Yes, supply chain issues were the largest spark of prices, but if it was just that, prices would’ve dropped back to where they were once supply re-normalized (i.e. inflation followed by deflation). That didn’t happen, and prices remained high, meaning money supply increased in the meantime as well.
Deflation doesn’t always follow inflation. Most countries fear it as it could spark recession. UK for example always aims for 2%, not 0%. It didn’t help that Opec limited oil supply to keep price high.
In the UK, we didn’t have stimulus check, but had inflation close to 10%, many countries in the EU too so the conclusion it was the money supply doesn’t hold up.
TL; DR - the process was something like this:
I’m not talking only about stimulus checks, but any increase in money supply.
Ok, but you still had an increase in money supply at the same time as inflation. Look at some sources:
The money supply absolutely increased along with inflation. The Euro also saw increased money supply as well in the same period as high inflation, and here’s another with similar data with a longer view (last link is a slightly different measure, M1 vs M2).
These sources show an increased money supply that strongly correlates with inflation figures: it increased dramatically as inflation kicked off, then slowed down but didn’t decrease as inflation dropped.
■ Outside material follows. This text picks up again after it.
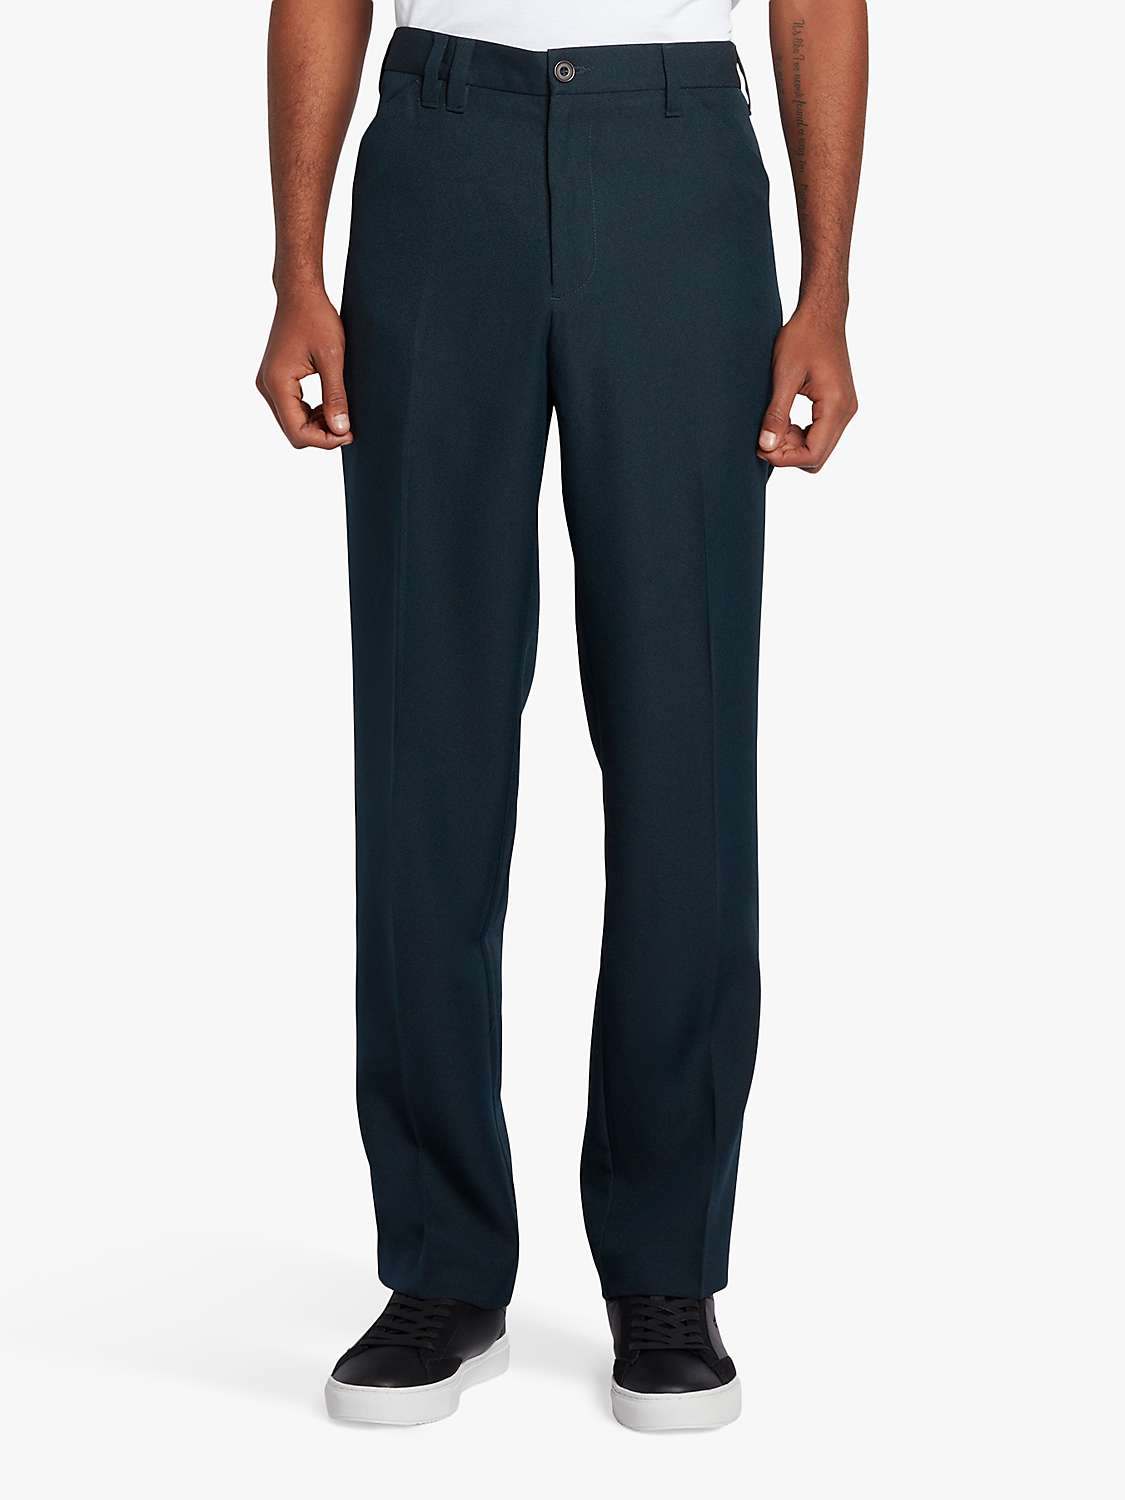 Buy Farah Ladbroke Hopsack Straight Fit Trousers, 412 True Navy Online at johnlewis.com

I don’t know what exactly caused the increase in money supply in that era (would have to look into a bunch of policy changes in that period), but it happened.
If money supply wasn’t increased, we would’ve seen a deflationary period after the causes of the inflationary period (price shocks due to global supply chain) were addressed. But central banks don’t want deflation, so they increase money supply in some form to prevent it.